:: Work instruction ::
After finding the line that holds "діє. Как защититься" below, set down that line and the rest through the final one exactly, leaving the pictures out.

:: Dataset excerpt ::
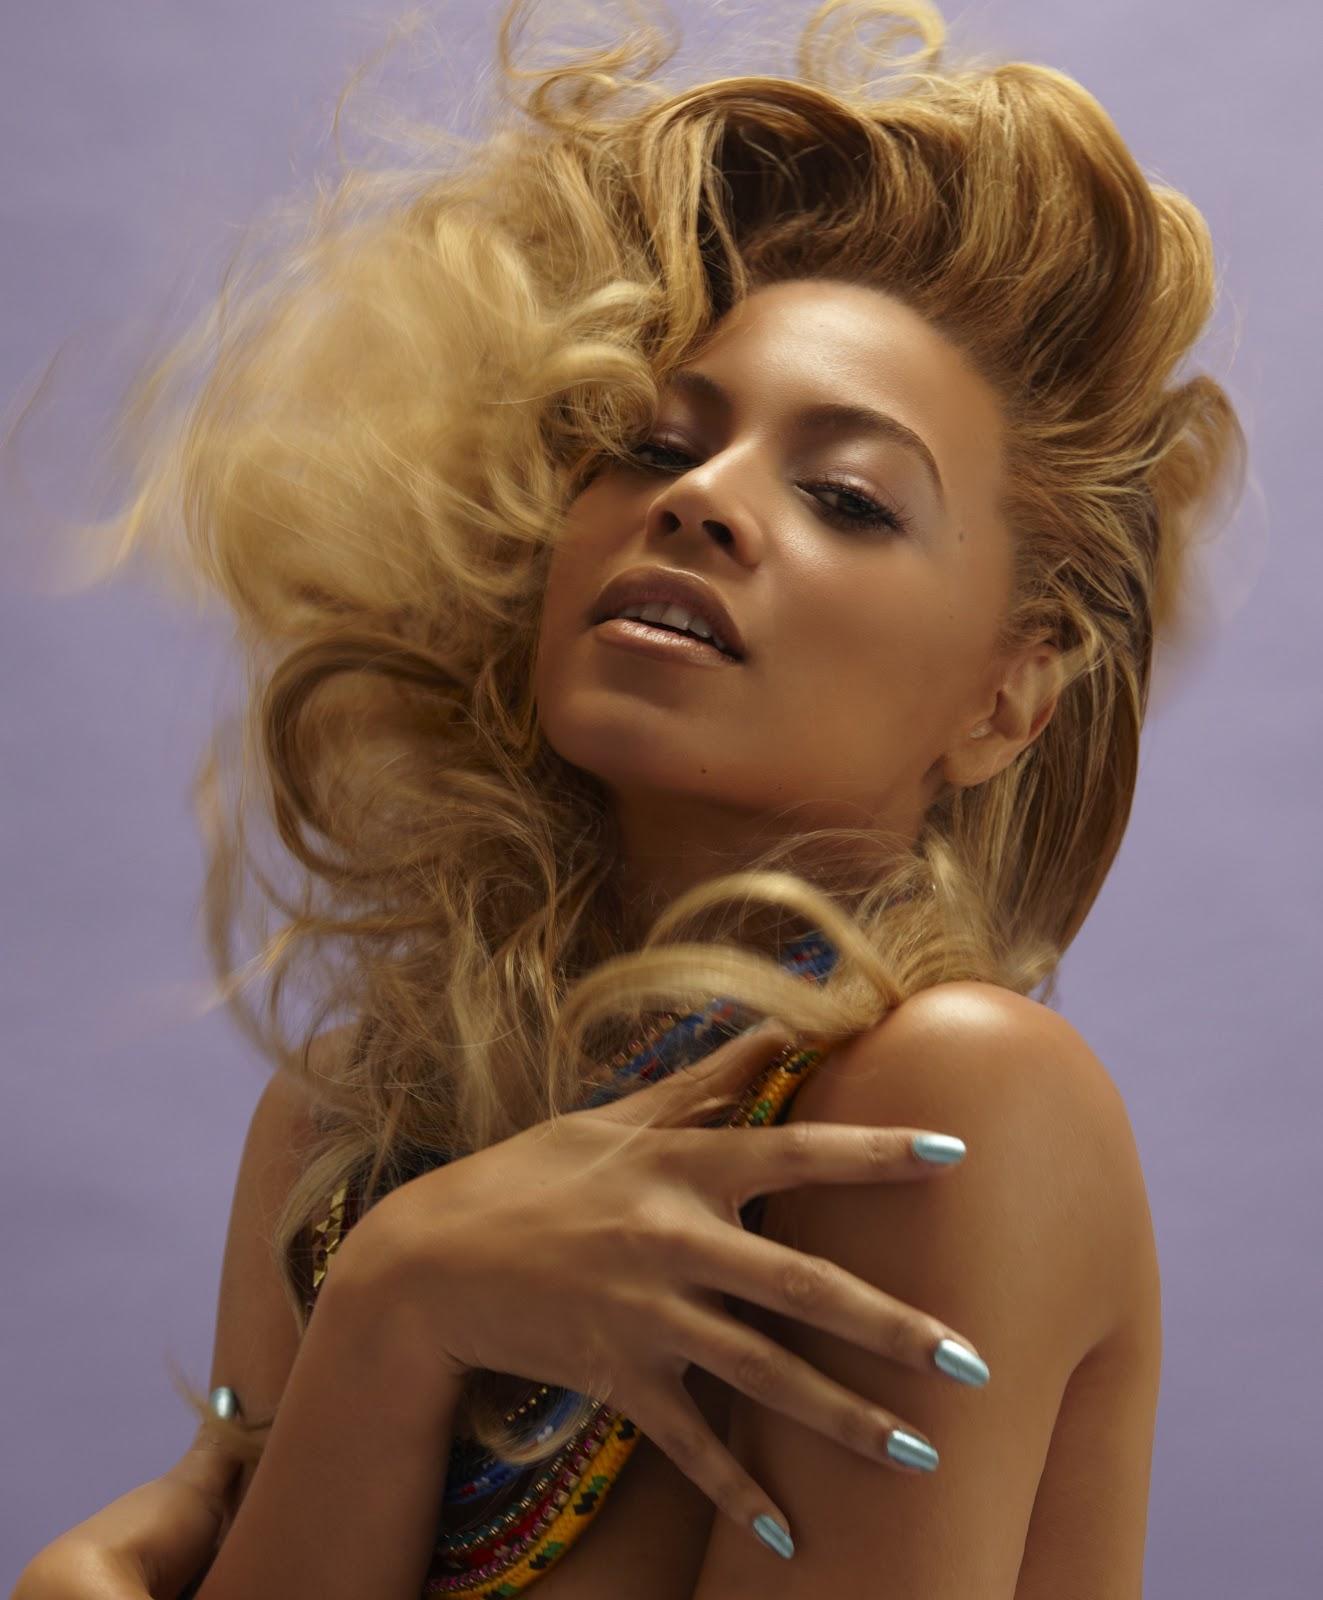 http://2.bp.blogspot.com/-BhbjojfWUoE/T-7-Ekr6x1I/AAAAAAAAESo/ySI9UFfRUqk/s1600/Beyonce_Knowles_with_necklaces.jpg
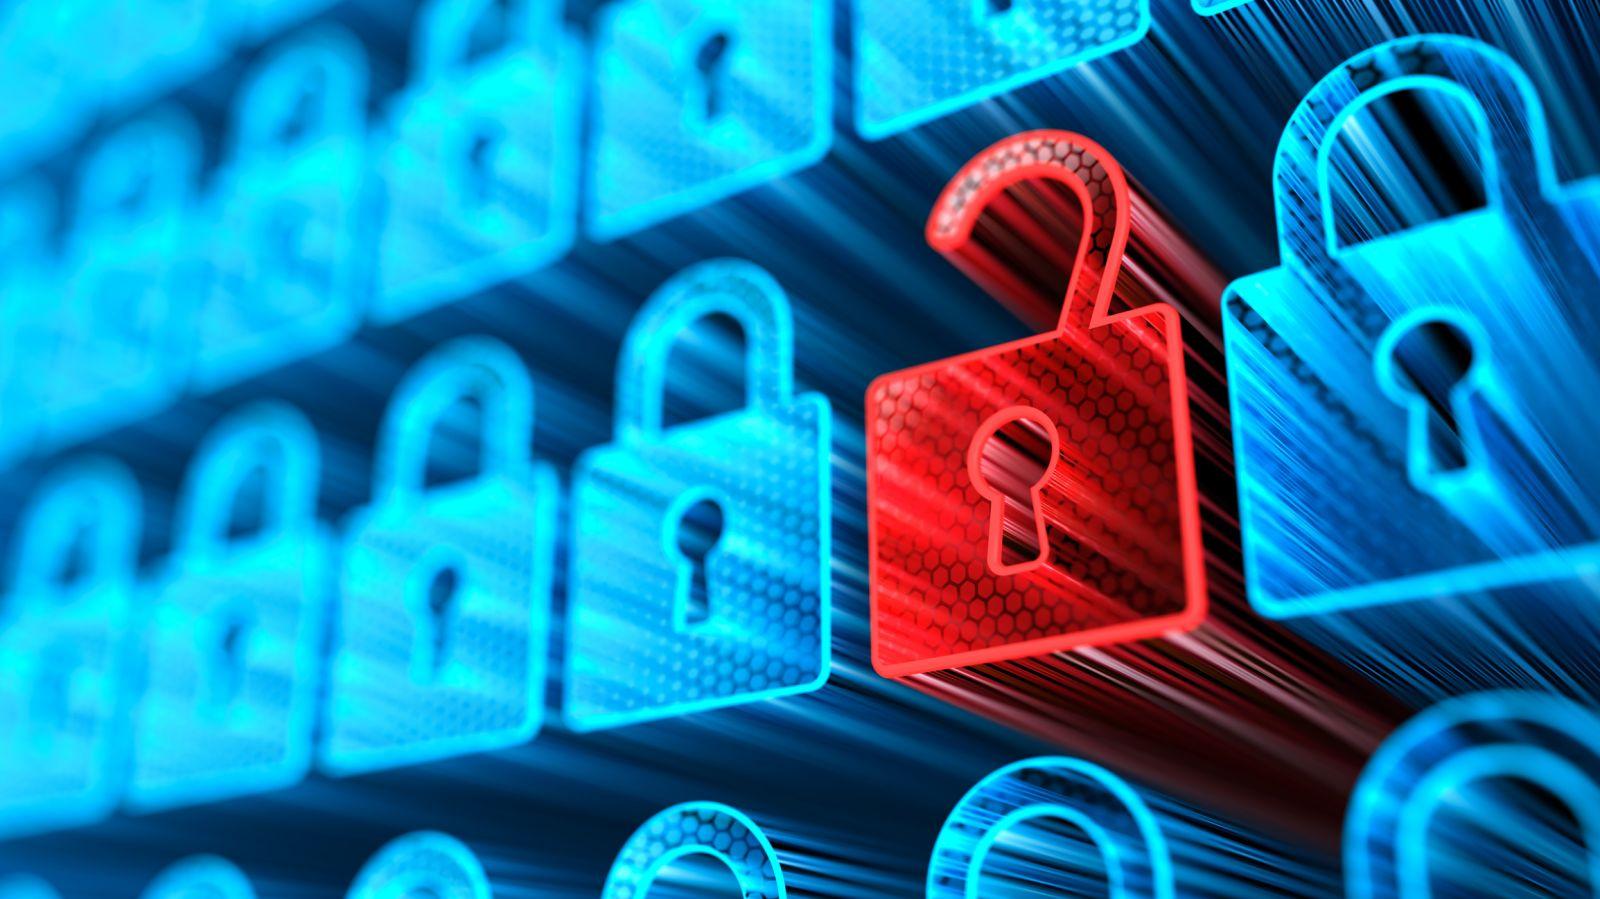 """Дія"" діє. Как защититься от утечек персональных данных"
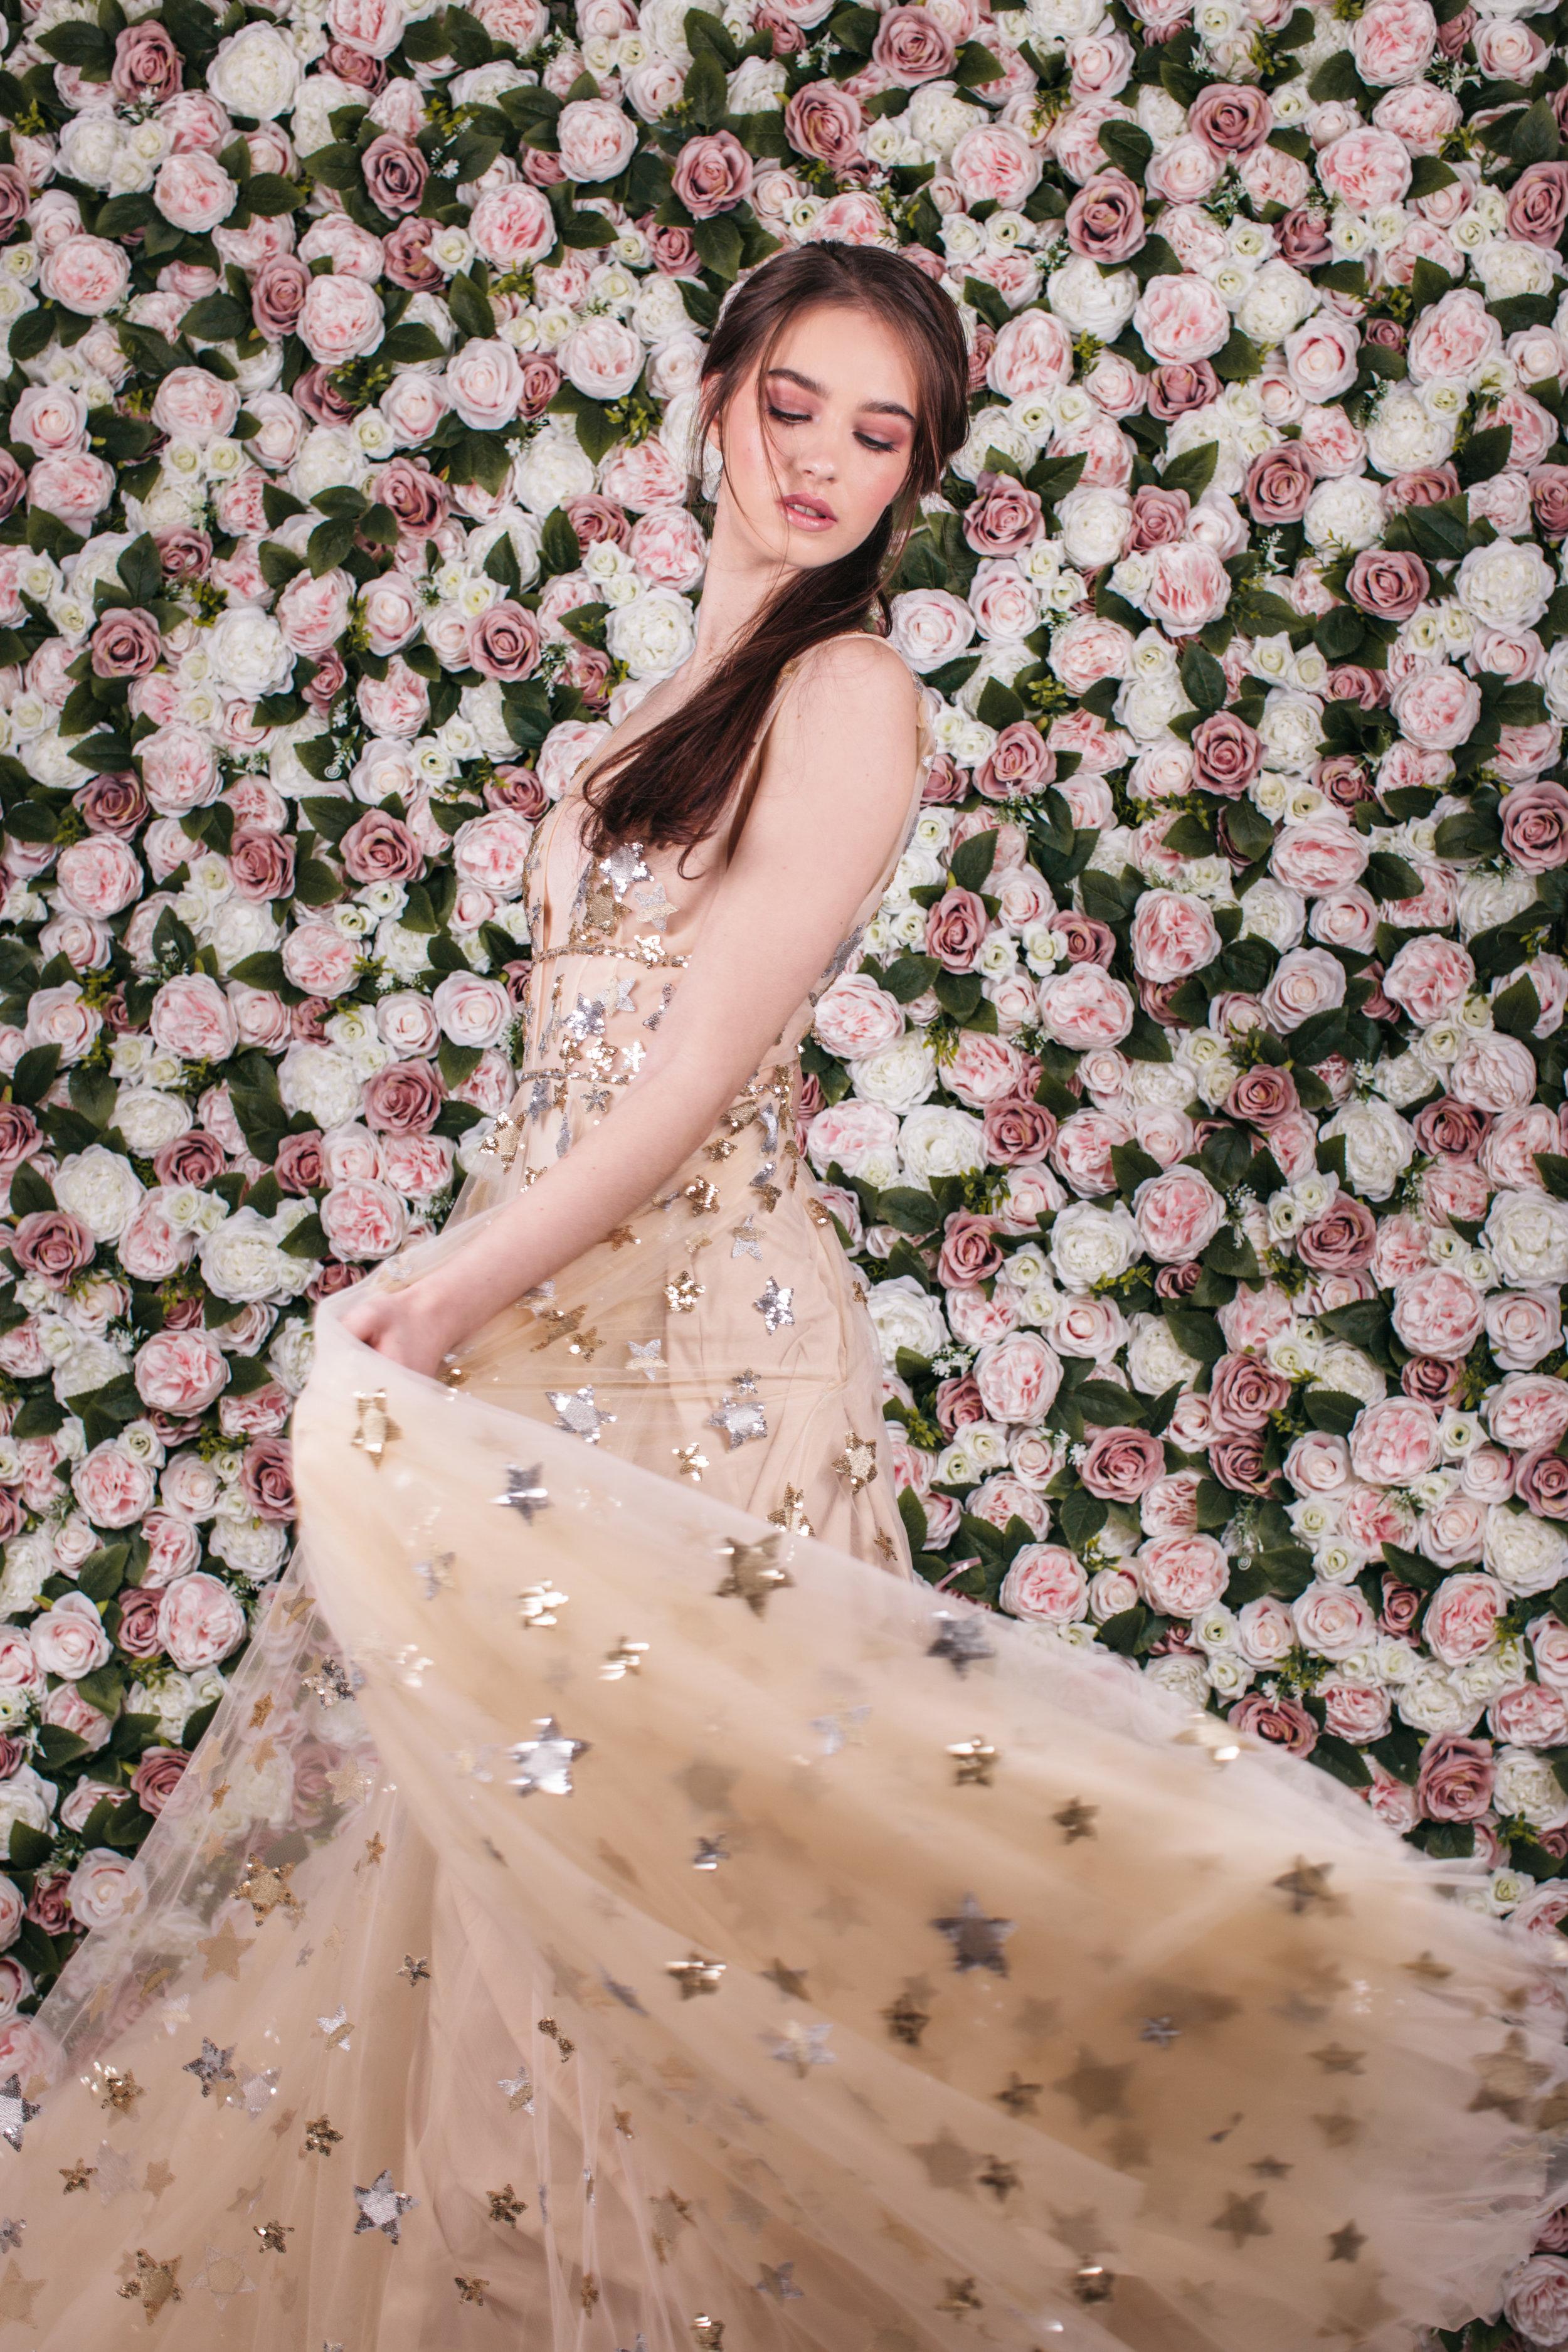 emma barrow flora hello petal your devon and cornwall wedding magazine willowby

:: Written response ::
 """Дія"" діє. Как защититься от утечек персональных данных"
 emma barrow flora hello petal your devon and cornwall wedding magazine willowby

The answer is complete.